I’m not the patient… I’m a family member/spouse/friend/caregiver. What should I know about supporting my loved one?
They’re (probably) going to need your help. You’re (probably) not going to know how or what help will be required until it is.
We had two very young boys, which meant we needed family to come and help care for them and stay in our home. If your loved one lives in a small space, a nearby Airbnb or hotel might be a better option. Don’t take offense if that happens! This is not about you!
If you’re the spouse or partner of the patient, ask for and accept help. This shit is exhausting, scary and too much for anyone to do alone, especially if you have kids. Your patient needs you to be stable for the long-haul. Swallow all pride and accept help as often as you can.

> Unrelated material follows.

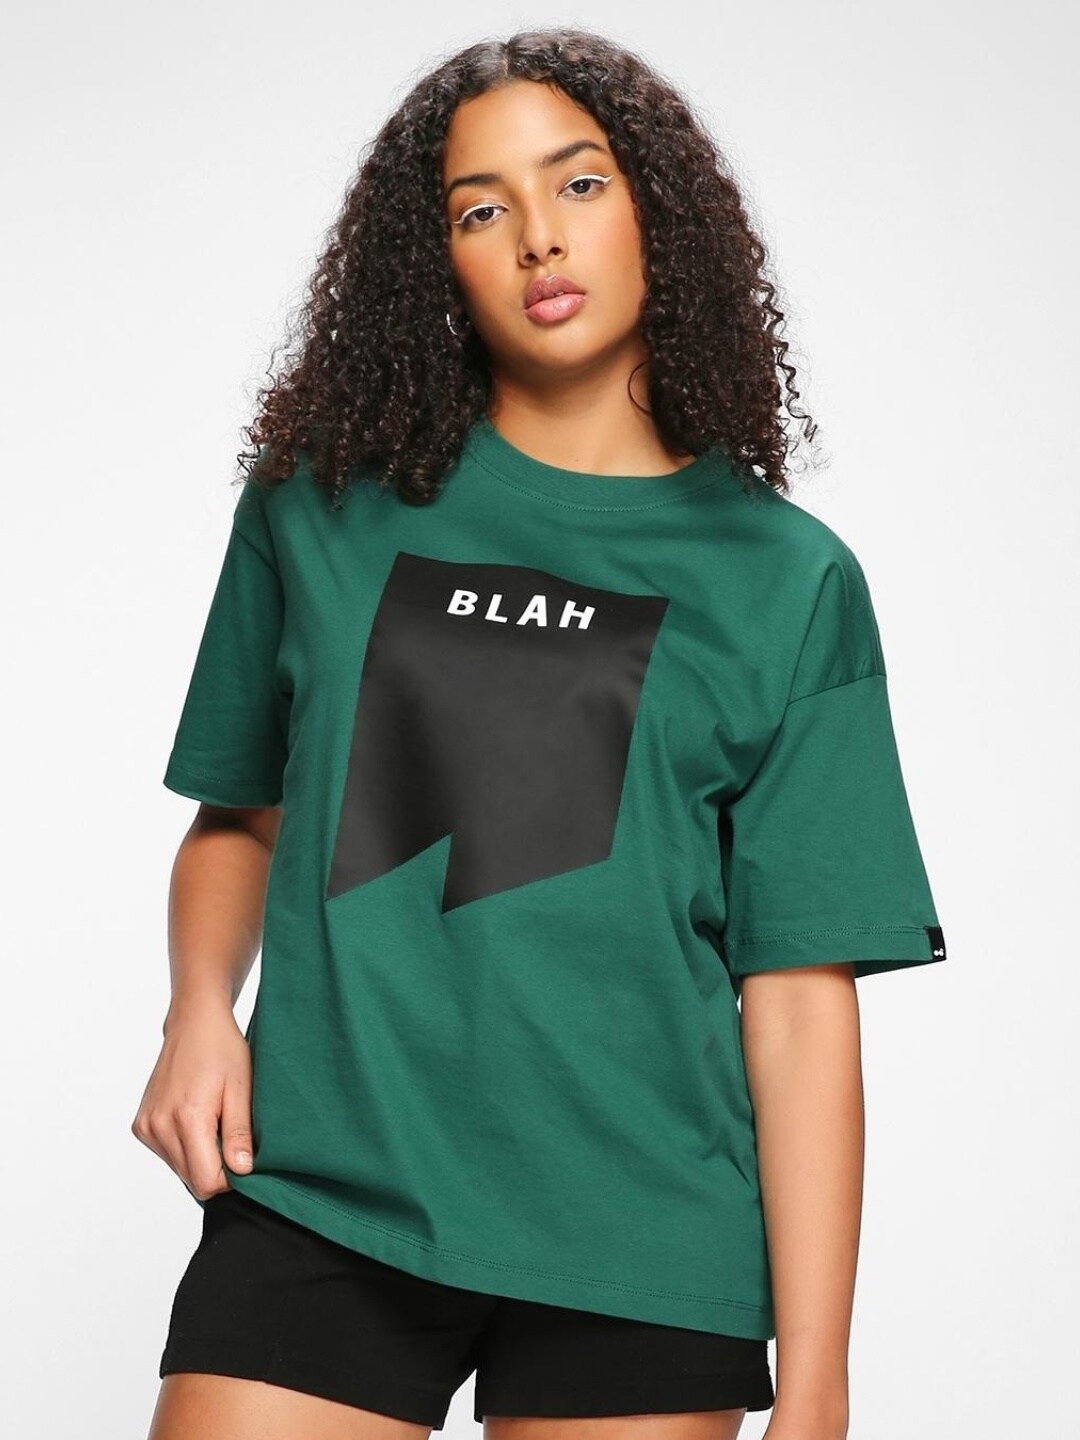 

Bewakoof Women Graphic Printed Cotton T-shirt, Green

If you’re a family friend, ask about organizing a Meal Train, Go Fund Me, Caring Bridge or other ways that folks can participate. In my experience, part of the overwhelm was handling everyone’s desire to support us… having a Meal Train and Go Fund Me allowed folks to contribute without requiring info or work from me or my husband.
What should I send?
Cards, flowers, food, though do avoid anything they’re deliberately asking you not to send. In our case, with two young kids, small toys and distractions were always welcome because it meant the kids were occupied for a little while.
Should I read your book?
You should read my book if you’re in the headspace to hear the story of a benign tumor, a young mother and some spiritual shit. If you’re stressed, overwhelmed or juggling your own life/death terror, maybe order it and put it on the pile of things to read once things calm down, post-op.
Is it going to be okay?
Aw, buddy. I don’t know what your definition of “okay” is.
I guess I’ll say two things:
On the wall of my hospital room, I hung the Eleanor Roosevelt quote: Do the thing you think you cannot do.” That was inspiring.
In moments of greatest stress, including my wedding day and brain surgery, I repeated this Julian of Norwich line: All shall be well and all shall be well and all manner of thing shall be well. It has always been more than helpful.